An arc weight in an FST gives the cost of taking that transition. The OpenFst library supports multiple types of weights -- in fact, any C++ class that meets various properties can be used as the Weight type specified in the Arc template parameter of an Fst. A few weight types are predefined in the library that will normally meet your needs. Among a weight's properties, it must have associated binary functions Plus(x, y) and Times(x, y) and static member functions Zero() and One(). See FST Weights for constraints on these operations and other properties of weights. Plus is used to combine the weight of two identically labeled alternative paths, while Times is used to combine weights along a path or when matching paths in composition or intersection. A state is final if and only its final weight is not equal to Zero. A transition with weight One is, in essense, "free". A transition with weight Zero is not allowed (since Zero weight paths present technical problems with some algorithms).
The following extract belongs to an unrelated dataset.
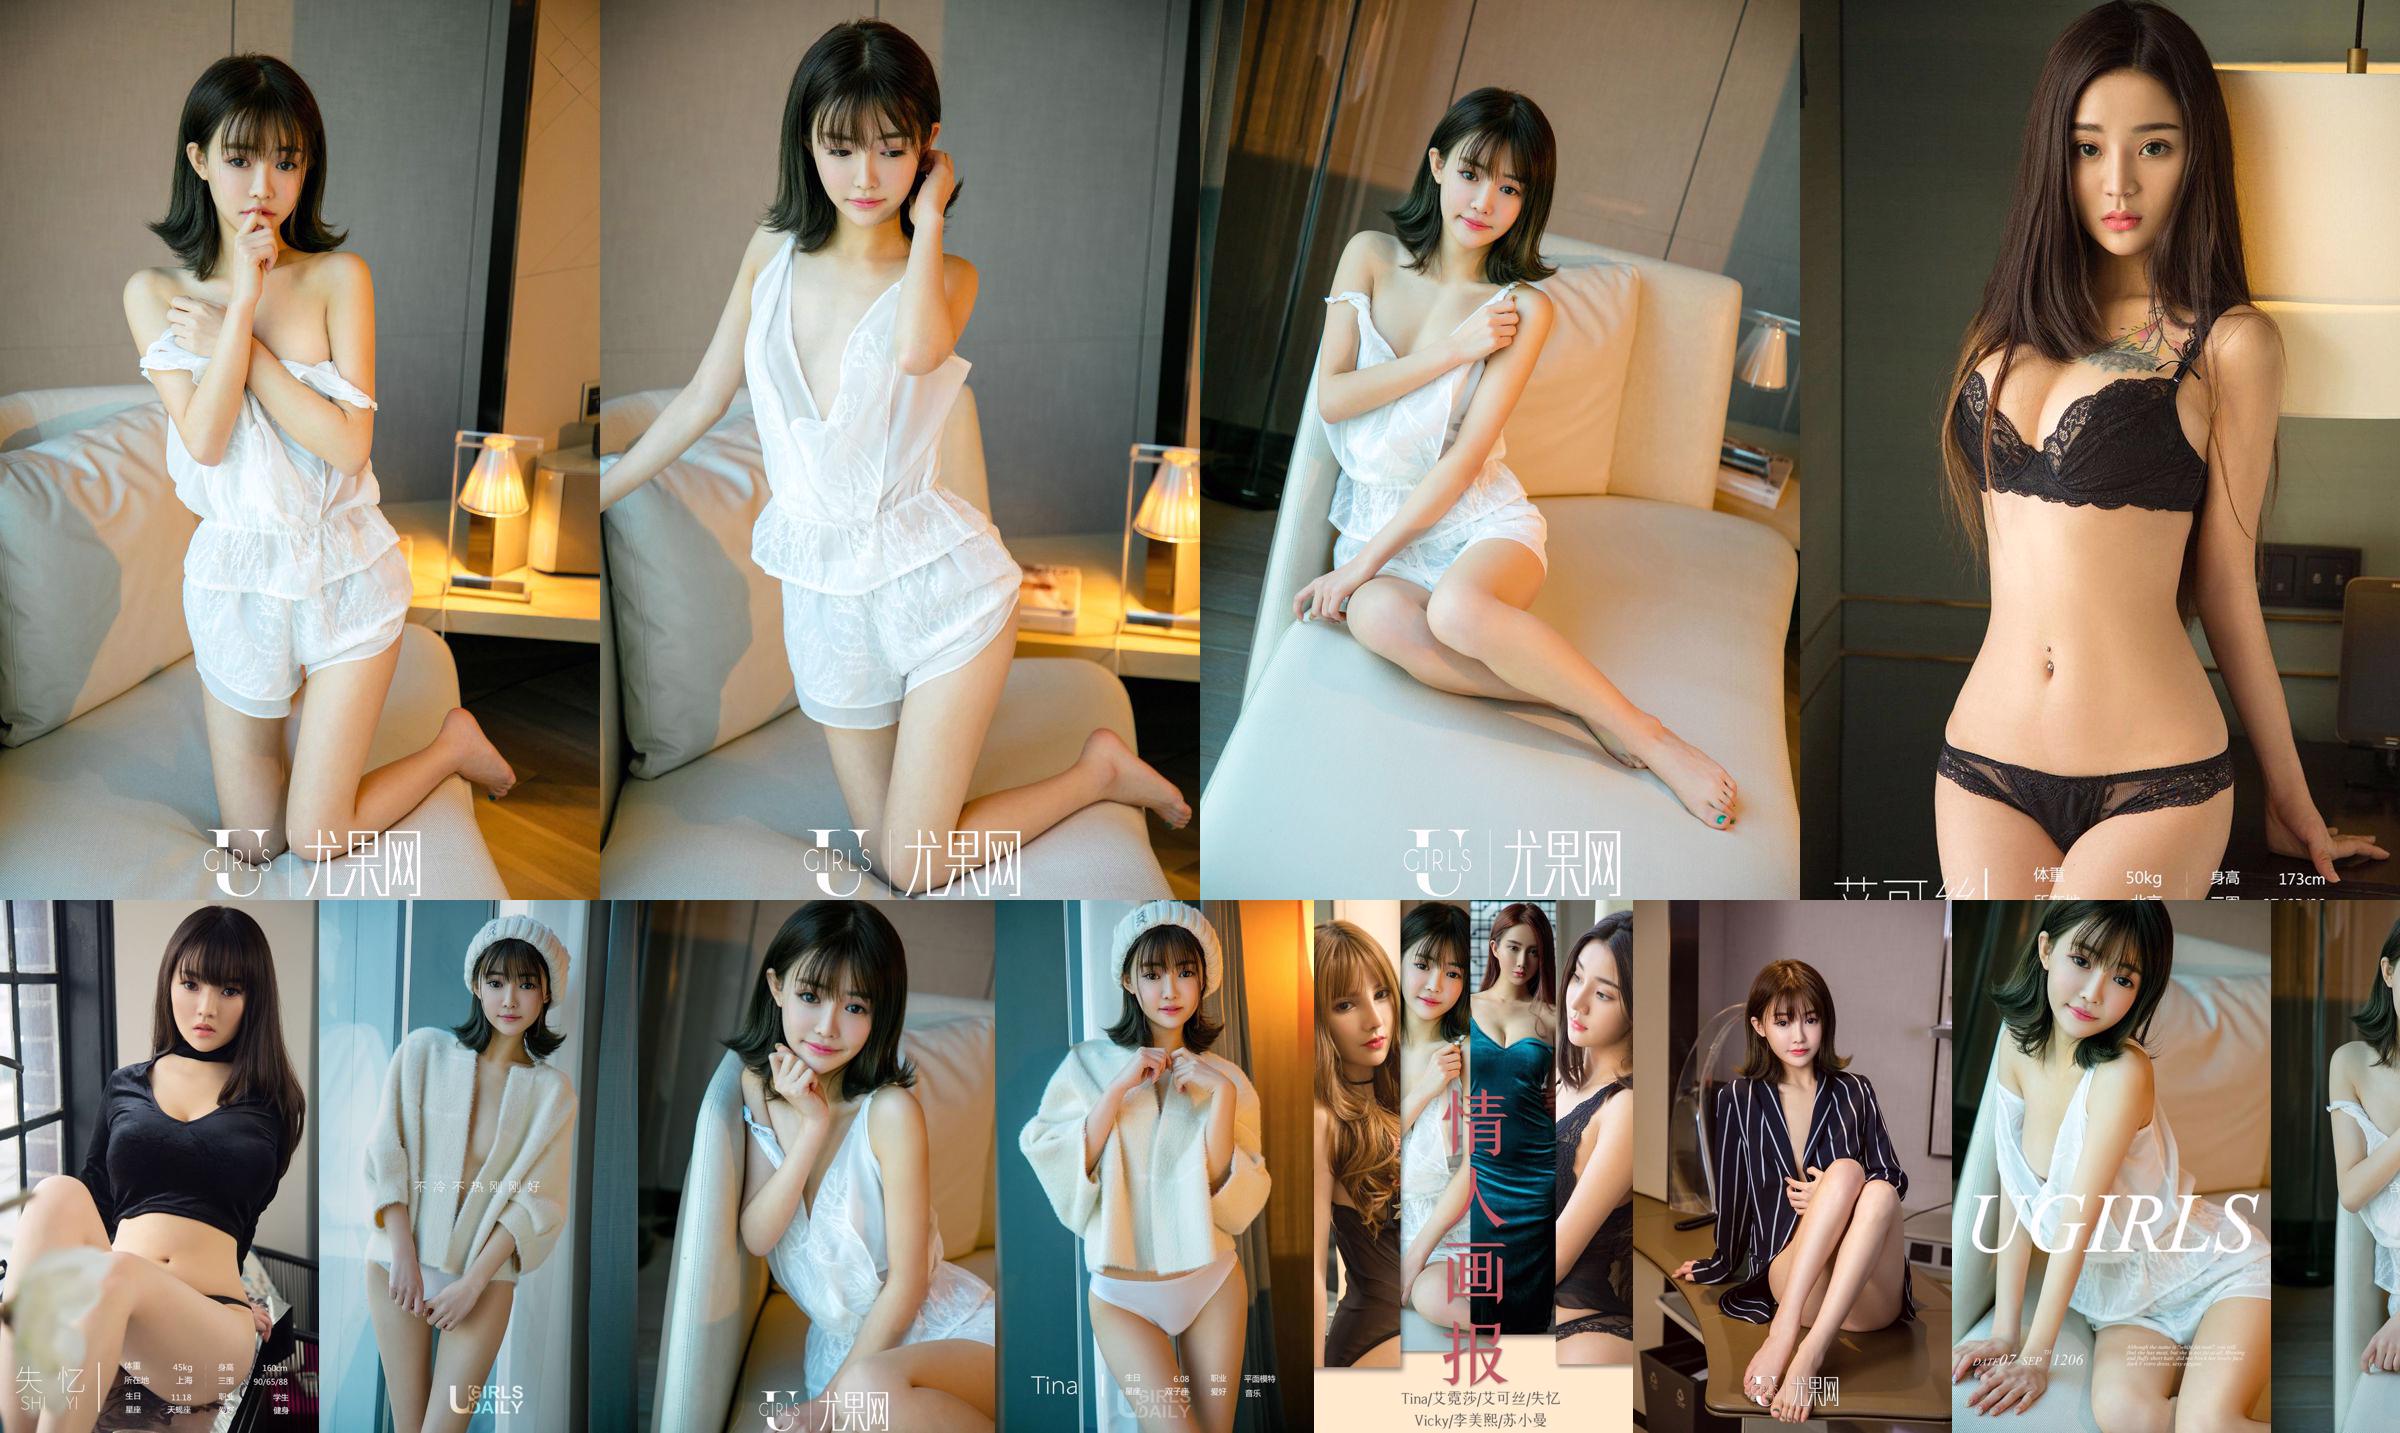 Tina "The Little Fairy with High Value" [Ugirls] U324 No.b408e3 Page 4
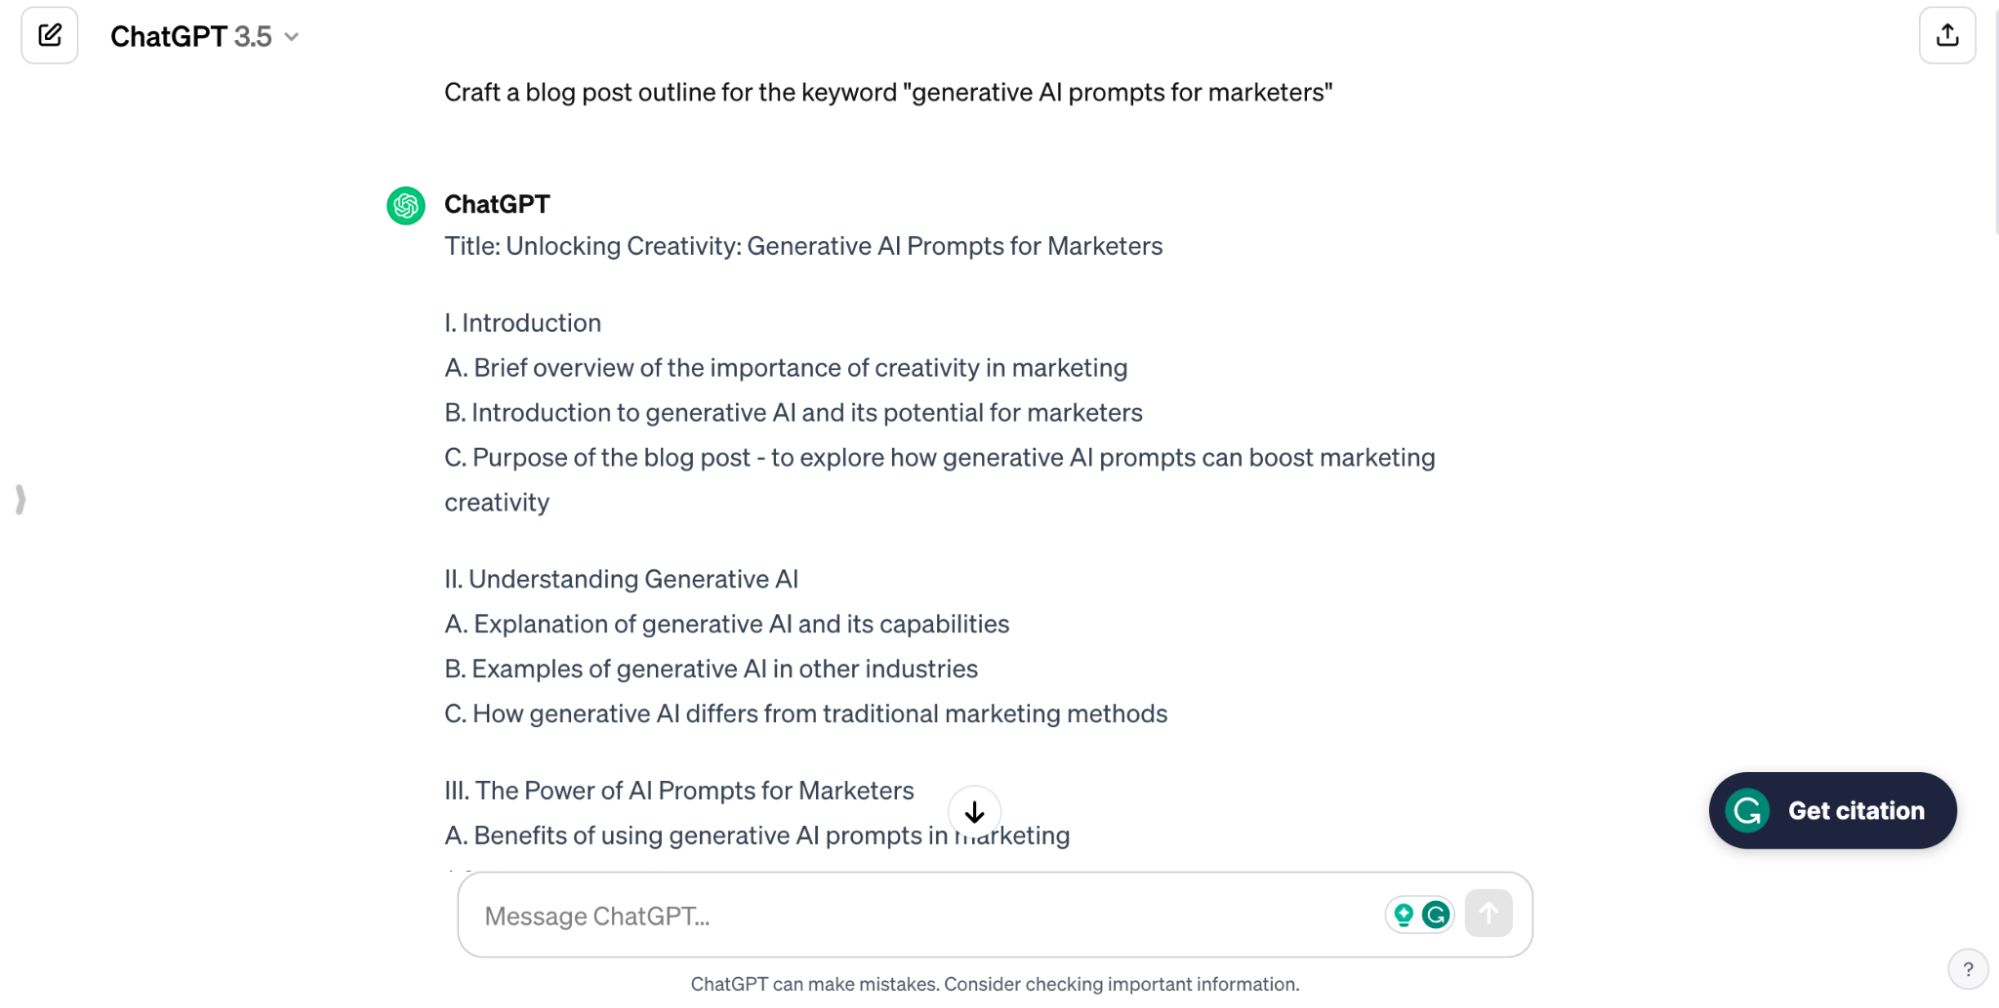 AI tools like ChatGPT can save marketers time by generating outlines or draft content

The following are useful weight types:

Name Set Plus Times Zero One
Boolean { 0, 1 } or and 0 1
Real [0, inf] + * 0 1
Log [-inf, inf] -log(e^-x + e^-y) + inf 0
Tropical [-inf, inf] min + inf 0

The boolean weight type is used for the familiar unweighted automata (but see tropical below). The real weight type is appropriate when the transition weights represent probabilities. The log weight type is appropriate when the transition weights represent negative log probabilities (more numerically stable than the isomorphic, under log(), real weight type). The tropical weight type is appropriate for shortest path operations and is identical to the log except it uses min for the Plus operation.

The OpenFst library predefines TropicalWeight [bad link?] and LogWeight [bad link?] as well as the corresponding StdArc and LogArc. These weight classes represent their weight in a single precision float that is a constructor argument. That float can be directly accessed with member function Value(). For unweighted automata, it is convenient and customary in this library to use TropicalWeight restricted to Zero and One. StdArc is the default arc type for the FST binaries.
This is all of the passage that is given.